Reducing the Stigma of Mental Illness: Bulimia Nervosa

Psychological illness are a difficult thing to deal with, and make living and doing everyday activities difficult for sufferers. While there are many different distinct mental illnesses that are characterized, many of them seem to be linked to similar root causes, and two of those linked diseases now include Bulimia Nervosa (BN) and Obsessive Compulsive Disorder (OCD). These diseases have been recently thought to involve some of the same pathological characteristics both related to psychological manifestations and with respect to brain chemistry.

Bulimia
A woman purging.

Bulimia nervosa is a vicious cycle in which the person affected binges on food after a period of starving themselves, followed by throwing up the food because of feelings of guilt and shame. This is done in order to lose weight. This seems to ultimately come from the stigma against being overweight; people try to lose weight in order to feel better about themselves and live a better life. Unfortunately, environmental situations or genetic factors can make a person more susceptible to developing a mental illness, and often more than one will occur together. Bulimia and depression are very strongly linked: about 79% of people with bulimia also have depression.
It is important for society to look at mental illness not as a choice or weakness, but as a physical disease, to reduce the stigma associated with it. The chemical makeup of the brain is changed in specific ways that cause people to behave in ways that they do not truly have control over. In fact, with bulimia and OCD, the parts of the brain that are responsible for exerting control over our actions are dysfunctional, causing the disease in the first place. The idea of self-control is traditionally something that people are inherently born with, but it is actually more of a resource. This “resource” is actually a complicated system in the brain that uses neurotransmitters such as serotonin to control immediate emotion-based impulses that brain-healthy people take for granted.
This “resource” for effortful control is found as a linking system from the amygdala (responsible for experiencing emotions) to the prefrontal cortex. This signaling happens via dopamine. The prefrontal cortex then determines what to do with the information that the amygdala, and compares the demands from the emotional signaling to long-term goals. The prefrontal cortex can only inhibit these emotional responses with sufficient amounts of serotonin present. High levels of dopamine in these areas increase the power of the emotional signaling, while low levels of serotonin decrease the ability to inhibit the emotional signaling.
Emotional impulse regulation in the brain
Emotional impulse regulation in the brain

Binge eating stems from the prolonged effortful control that is required to maintain the intense dieting the precedes it.

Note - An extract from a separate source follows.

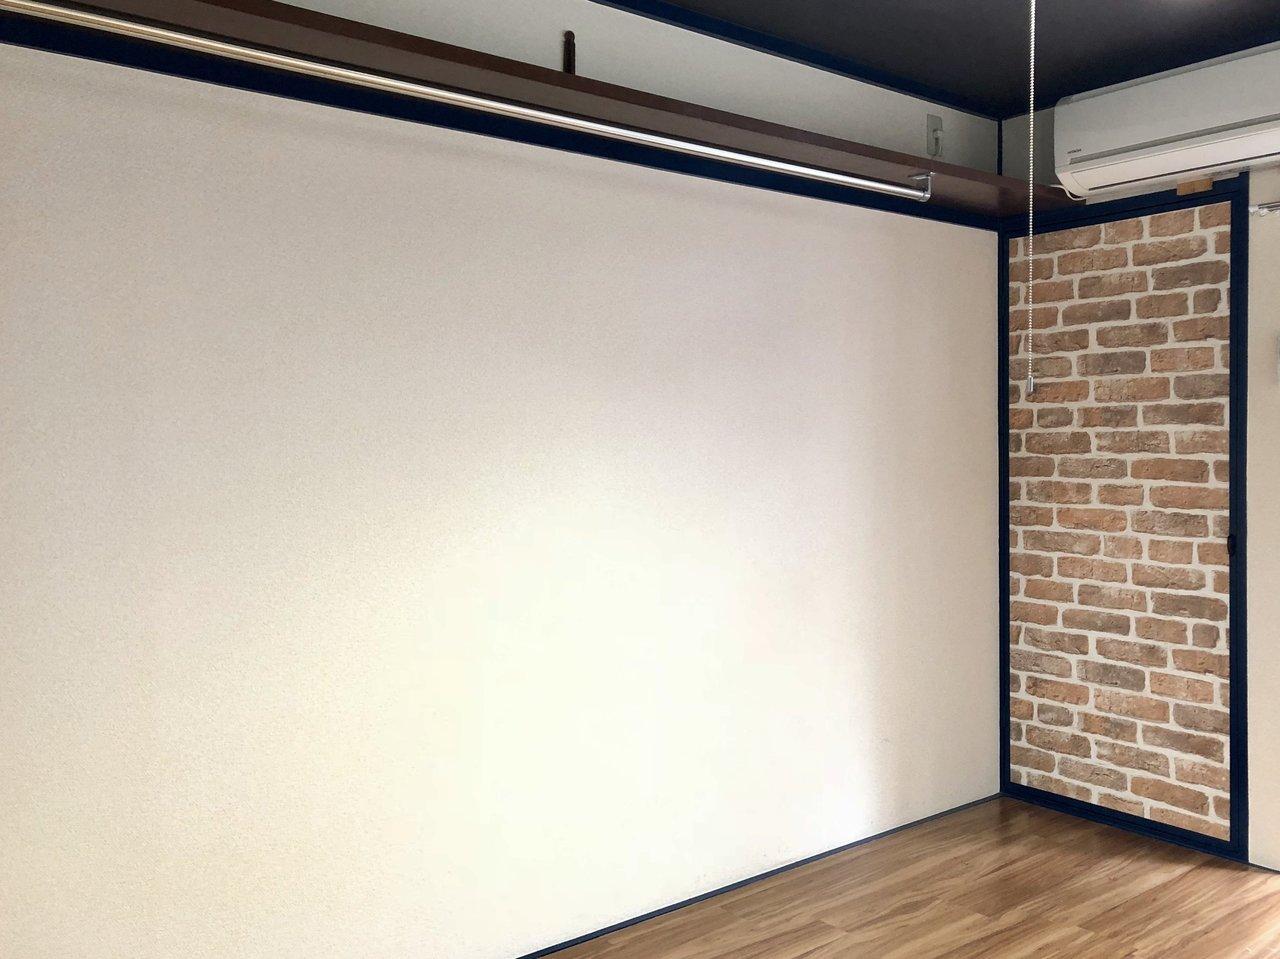 壁には長いハンガーパイプがつけられているので、アイディア次第で良い収納スペースになりそう。

Once the self-control resources such as serotonin in the brain are used up, a bulimic person will binge eat, satisfy their hunger, but then feel bad for failing their weight-loss or dieting ideal. In the end, they purge the food and continue the cycle.
Treating these diseases permanently is very difficult, although relief is often achieved. The recovery depends on the severity of the symptoms and how ingrained the compulsive behaviors are for each individual person. Usually both of these diseases are treated with Selective Serotonin Reuptake Inhibitors (SSRIs) that increase the amount of serotonin in the brain. The importance of this treatment comes from increasing serotonin in specific areas of the brain responsible for controlling emotions that lack serotonin.
By understanding how bulimia and other mental illnesses develop, hopefully awareness of the disease as a physical illness (rather than some kind of weakness of the person’s soul) will make sufferers more likely to seek professional help.